[[ Raw data, beginning ]]
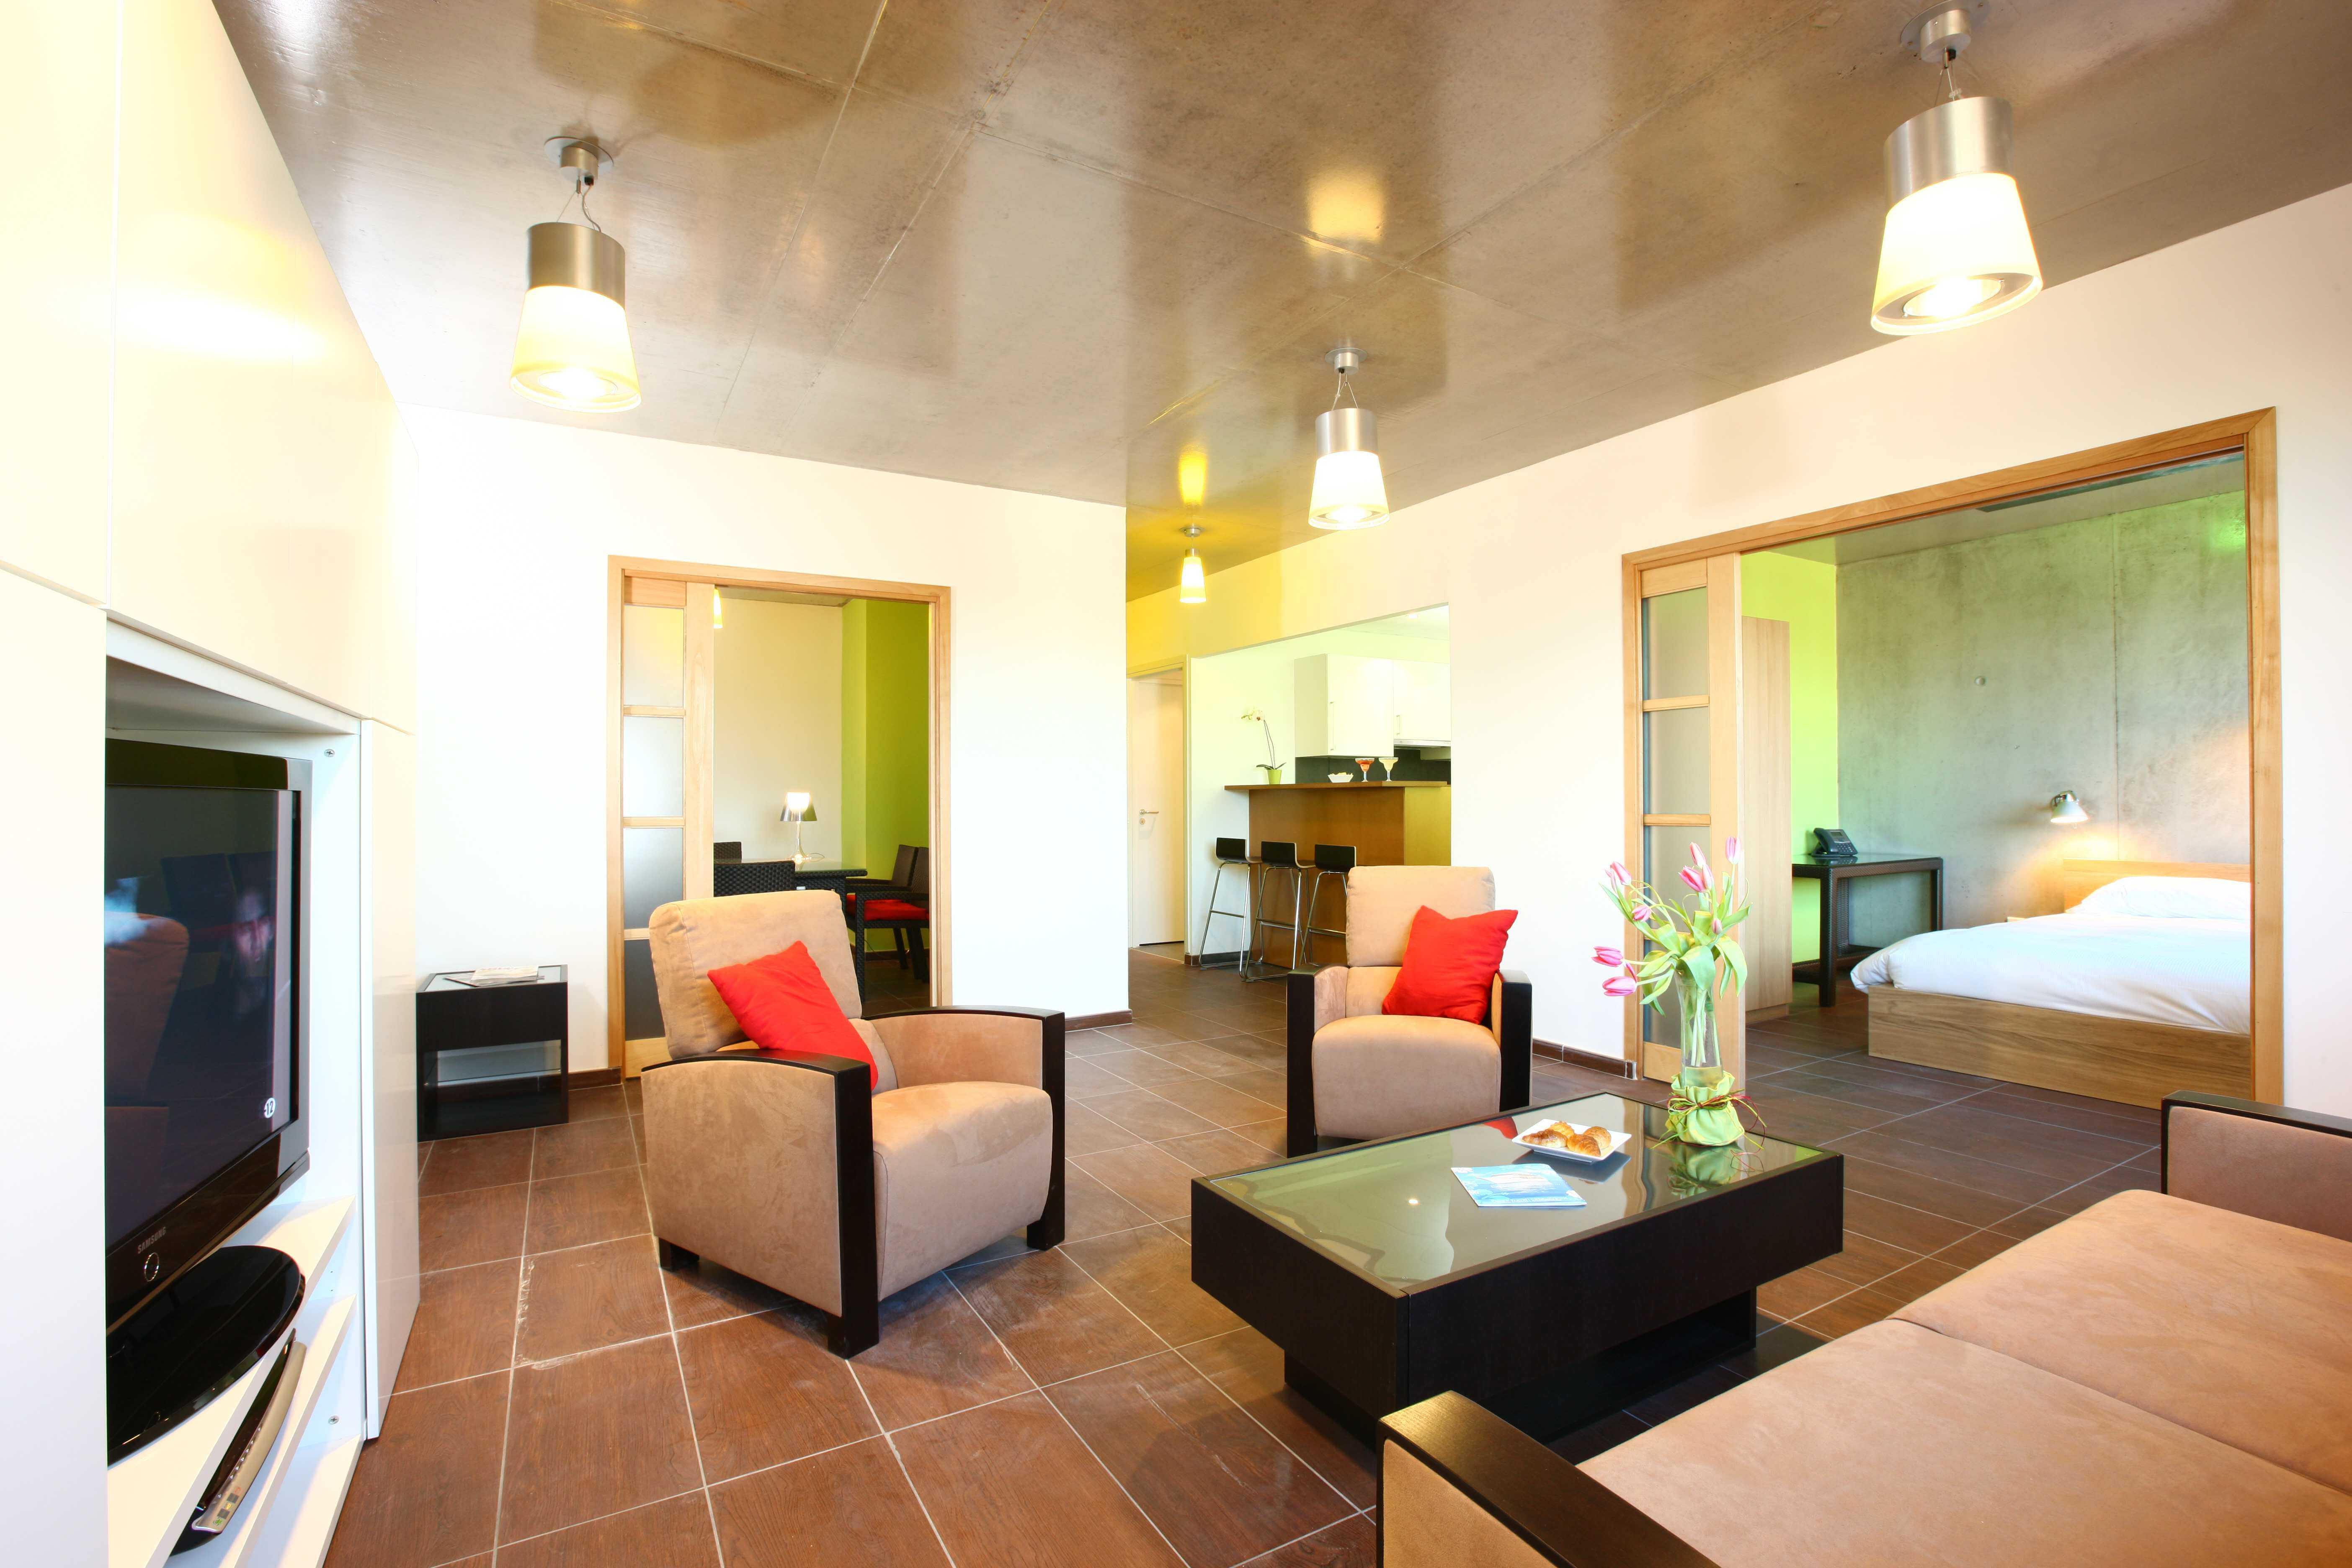 hôtel Lille appartement 3 pièces affaires deluxe Olivarius Apart'hotels Lille Villeneuve d'Ascq
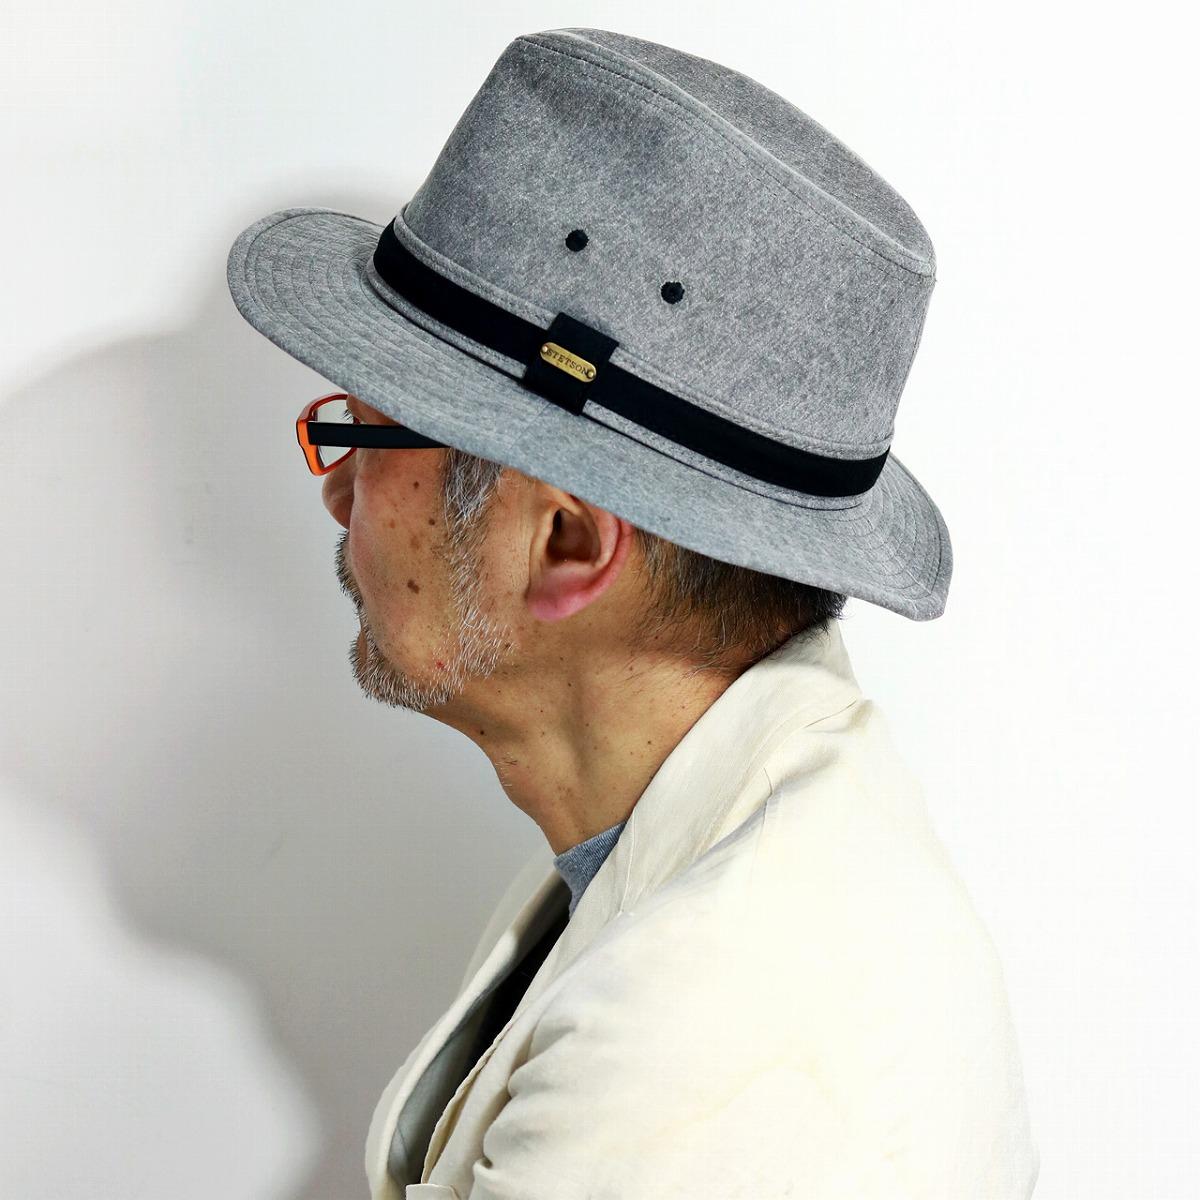 ステットソン ハット 春 夏 メンズ stetson 帽子 ダウンマニッシュ ワイドブリム オールシーズン シンプル 帽子 中折れハット つば広 秋 冬 HAT 登山 カジュアル ハット / モノトーン グレー[ fedora ]男性 プレゼント 帽子通販
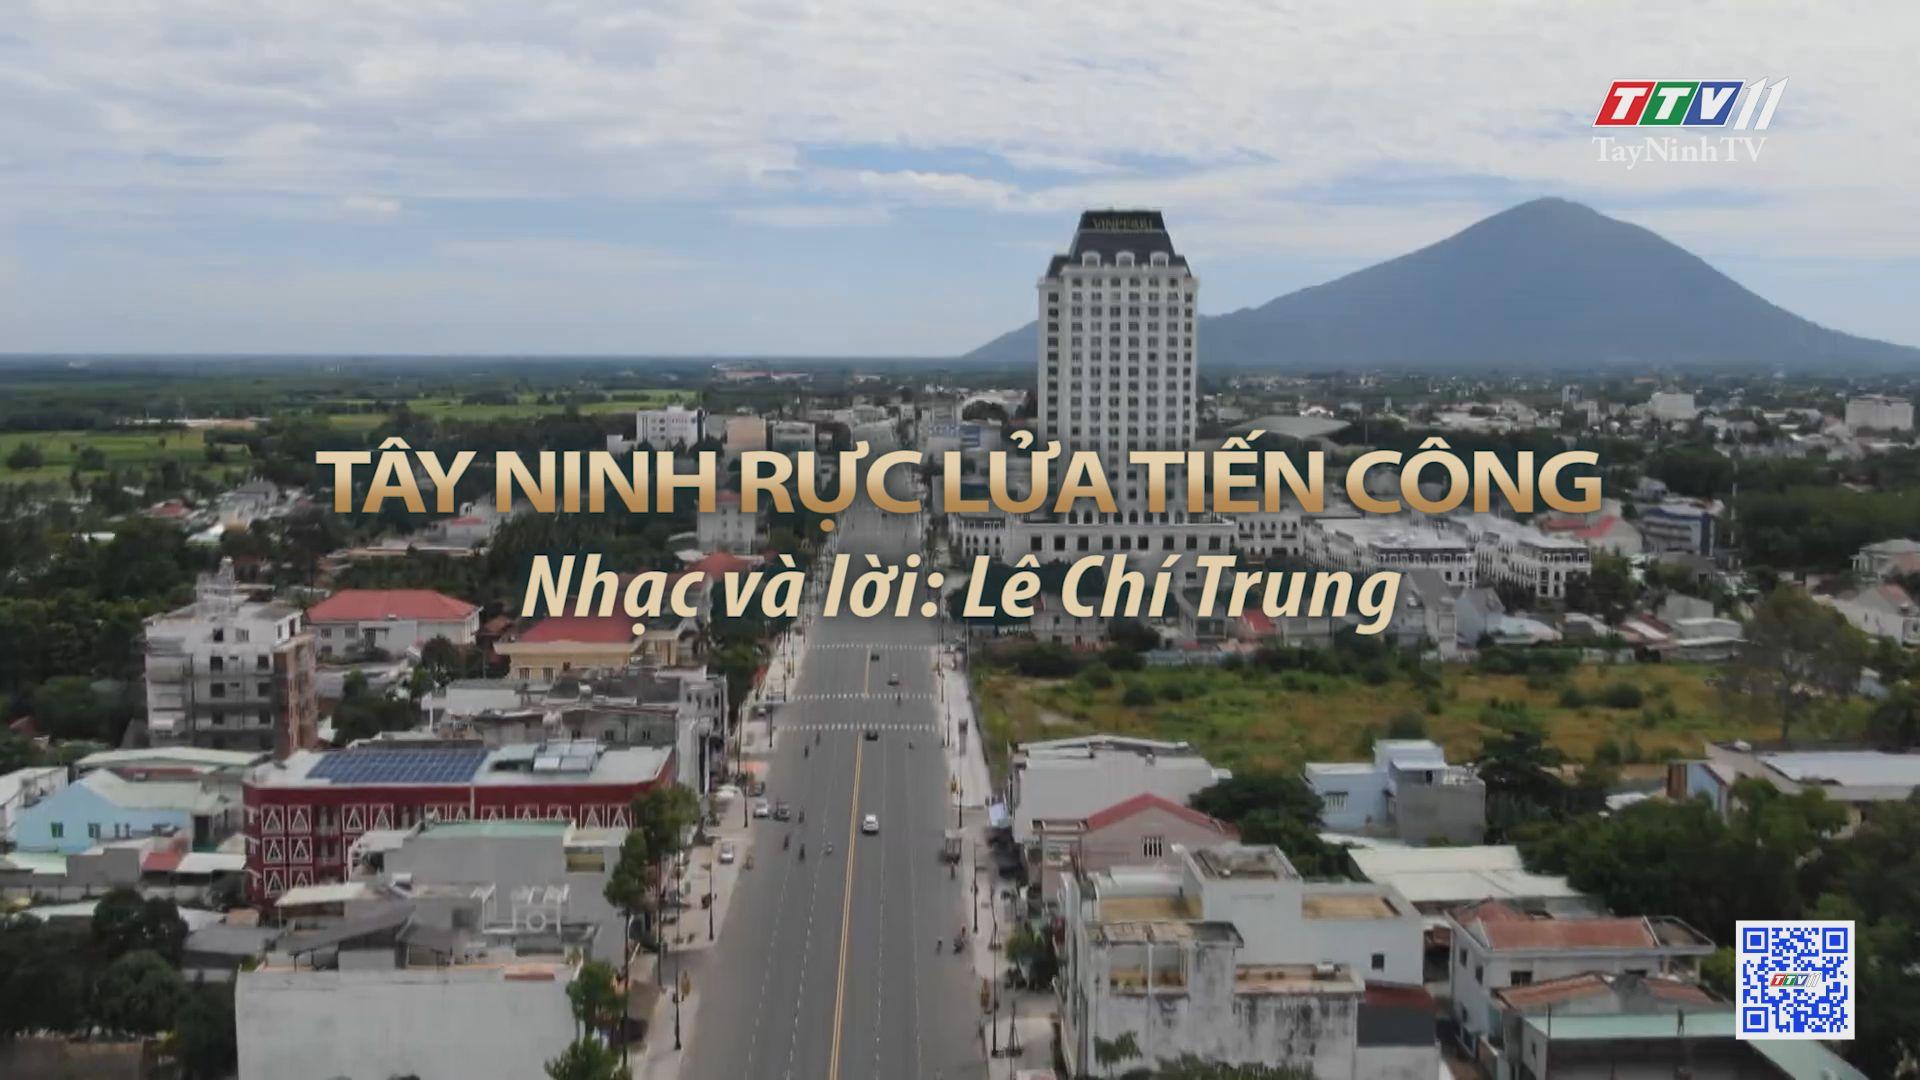 Tây Ninh rực lửa tiến công | Tuyển tập karaoke Tây Ninh tình yêu trong tôi | TayNinhTV
[[ Raw data, end ]]
Every line of the material must be returned verbatim, and pictures must be left behind.

 hôtel Lille appartement 3 pièces affaires deluxe Olivarius Apart'hotels Lille Villeneuve d'Ascq
 ステットソン ハット 春 夏 メンズ stetson 帽子 ダウンマニッシュ ワイドブリム オールシーズン シンプル 帽子 中折れハット つば広 秋 冬 HAT 登山 カジュアル ハット / モノトーン グレー[ fedora ]男性 プレゼント 帽子通販
 Tây Ninh rực lửa tiến công | Tuyển tập karaoke Tây Ninh tình yêu trong tôi | TayNinhTV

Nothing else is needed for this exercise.